Operations return new DataFrames, so they chain. The result is something close to readable English:

import pandas as pd

sample = """name,born,died,letters,country
Voltaire,1694,1778,21000,France
Émilie du Châtelet,1706,1749,430,France
Diderot,1713,1784,3500,France
d'Alembert,1717,1783,1200,France
Hume,1711,1776,800,Scotland
Smith,1723,1790,360,Scotland
Wollstonecraft,1759,1797,500,England
Kant,1724,1804,1100,Germany
"""
with open("writers.csv", "w", encoding="utf-8") as f:
    f.write(sample)
df = pd.read_csv("writers.csv")

result = (
    df[df["letters"] >= 500]
    .sort_values("letters", ascending=False)
    .head(5)
    [["name", "country", "letters"]]
)
print(result)

Read aloud: take rows with at least 500 letters, sort by letters descending, keep the top five, show name/country/letters. Once chaining clicks, you stop writing intermediate variables and the analysis fits on one screen.

Where to next

You can now read a table, pick the rows you want, sort them, and summarize them by category.
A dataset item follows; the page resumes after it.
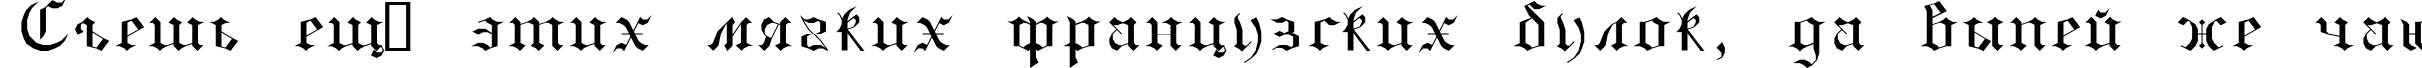 Пример написания шрифтом GothicE текста на русском
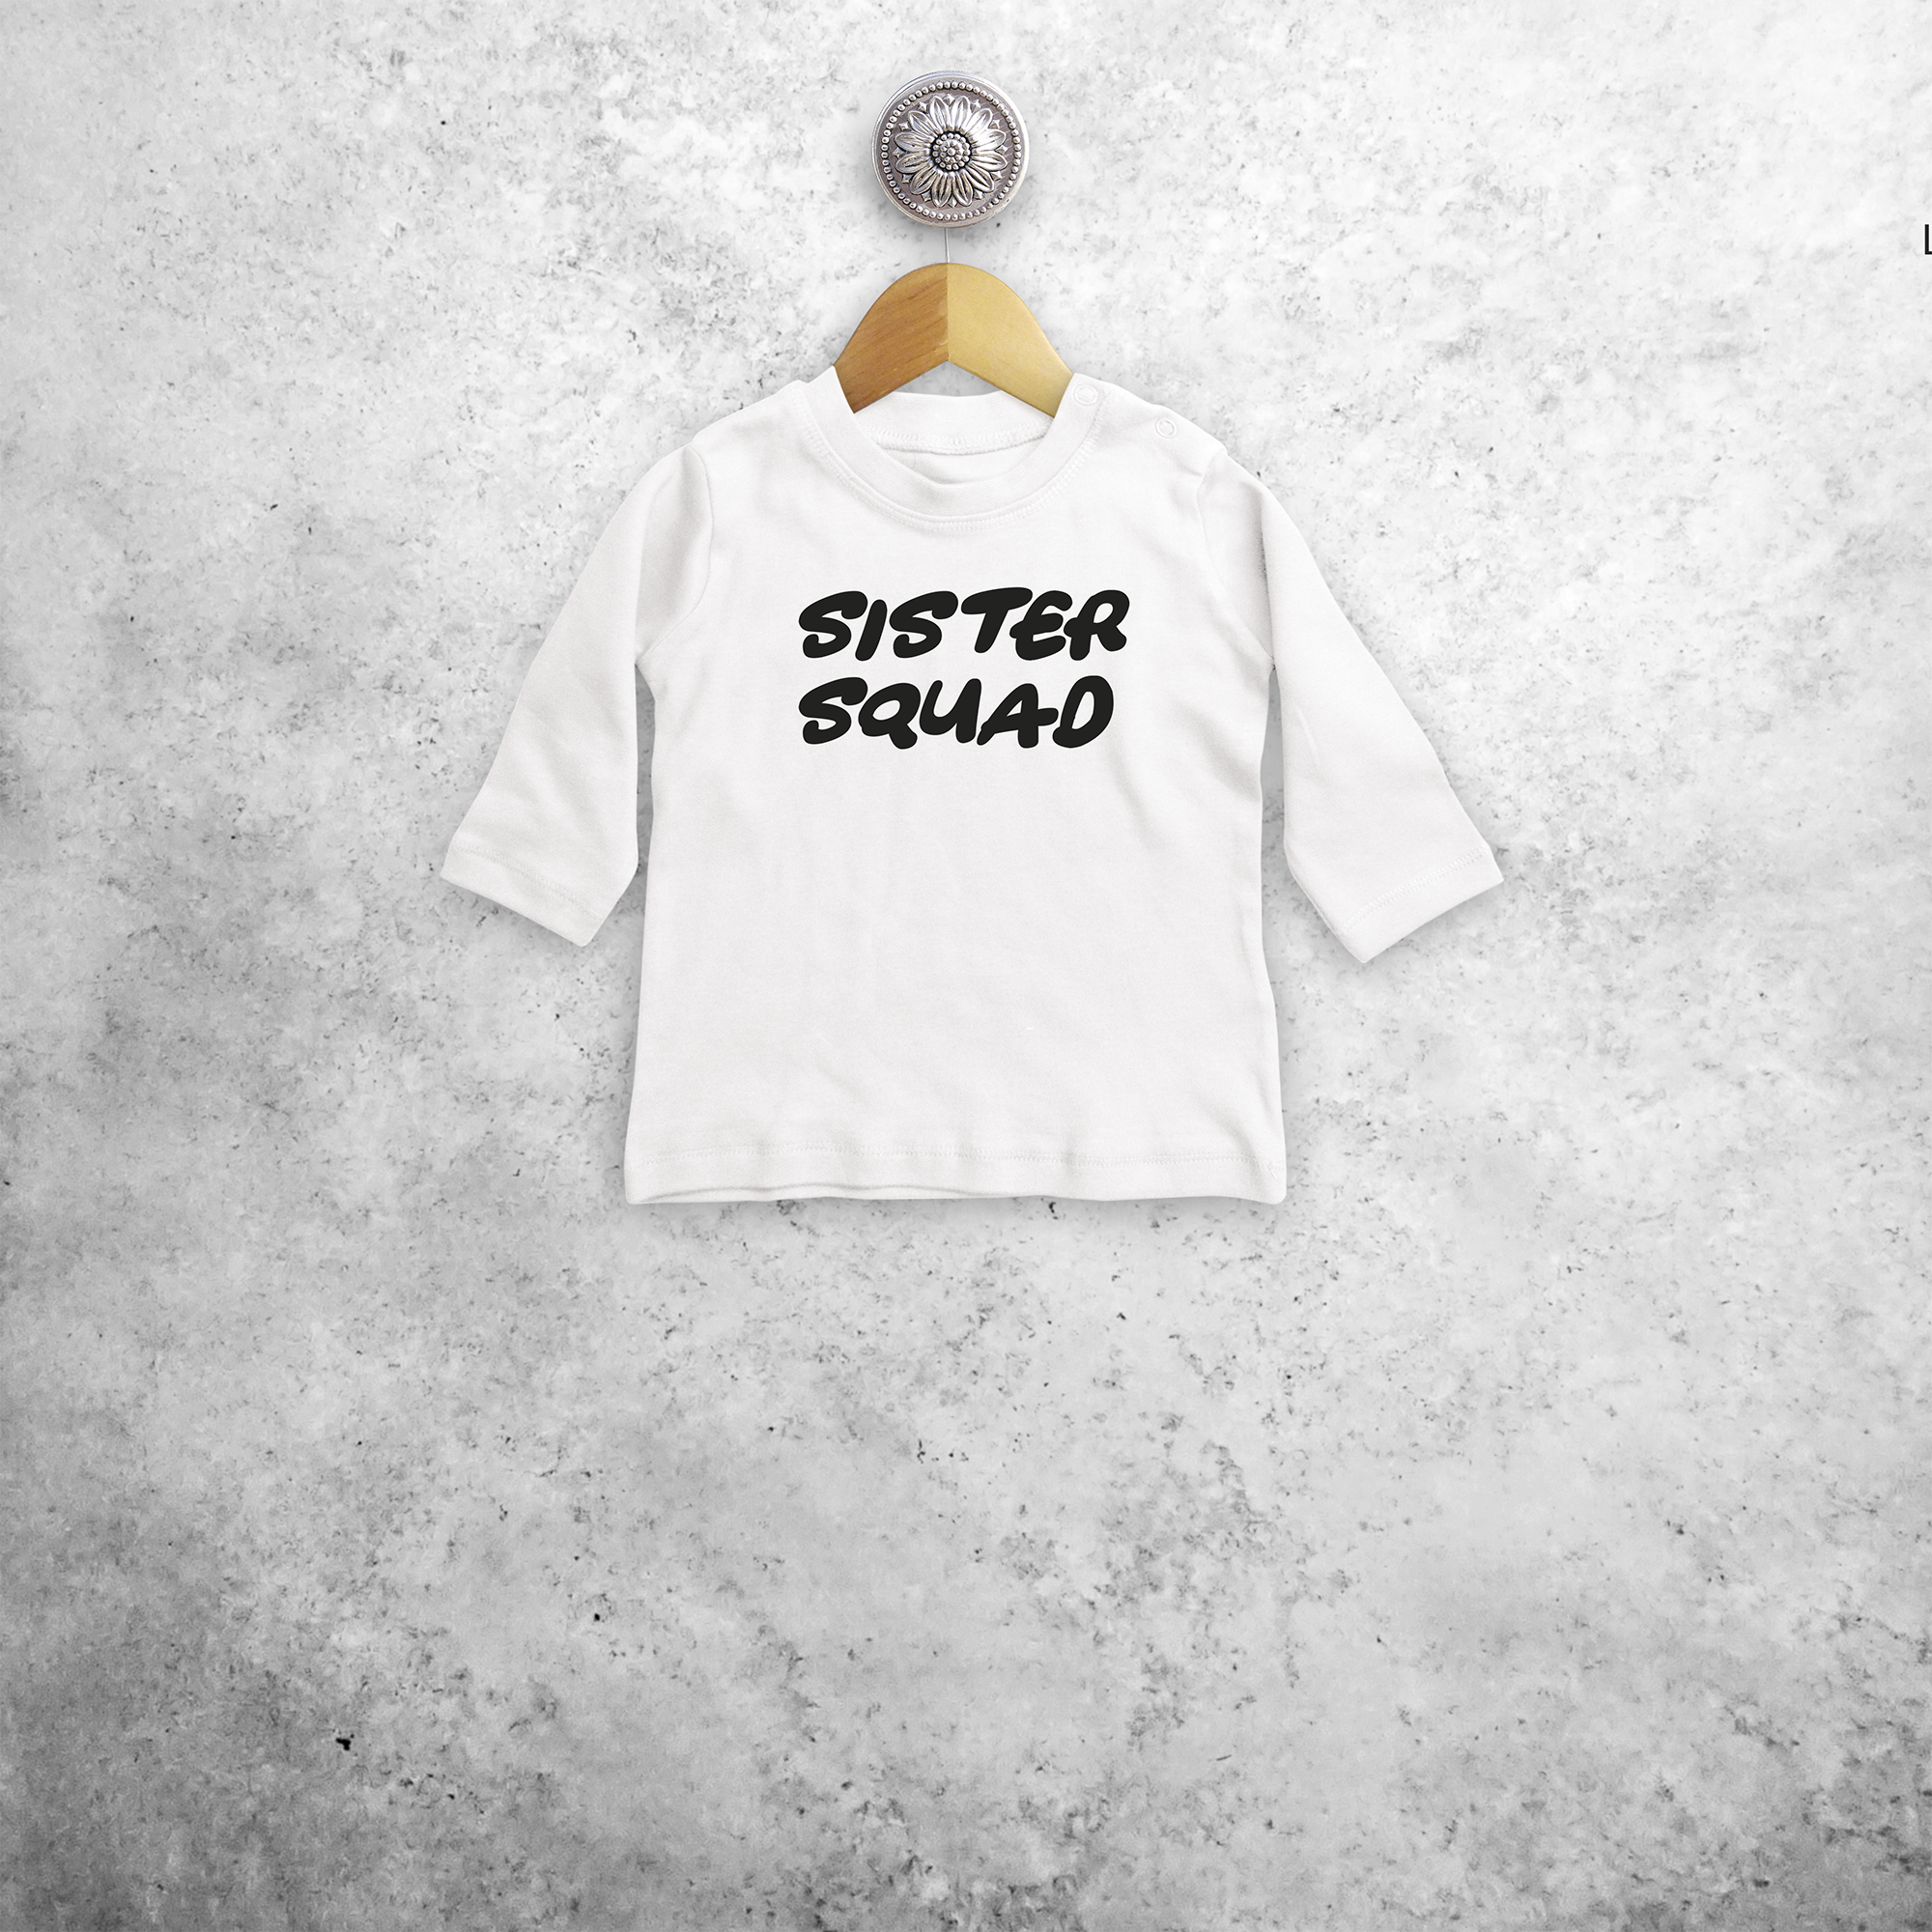 'Sister squad' baby shirt met lange mouwen

That’s enough for most “what does this dataset look like?” workflows. The last lesson in this part — Lesson 22 — Cleaning and Exporting — handles missing values, text cleanup, and writing the result back out to CSV or Excel for sharing.

Running the code

This lesson uses pandas. Add it to your project once:

uv add pandas openpyxl

Save any snippet to a file — say try.py — and run it from your project folder:

uv run try.py

uv run uses the project’s Python and dependencies automatically; no virtualenv to activate. If you haven’t set the project up yet, Lesson 01 walks through it.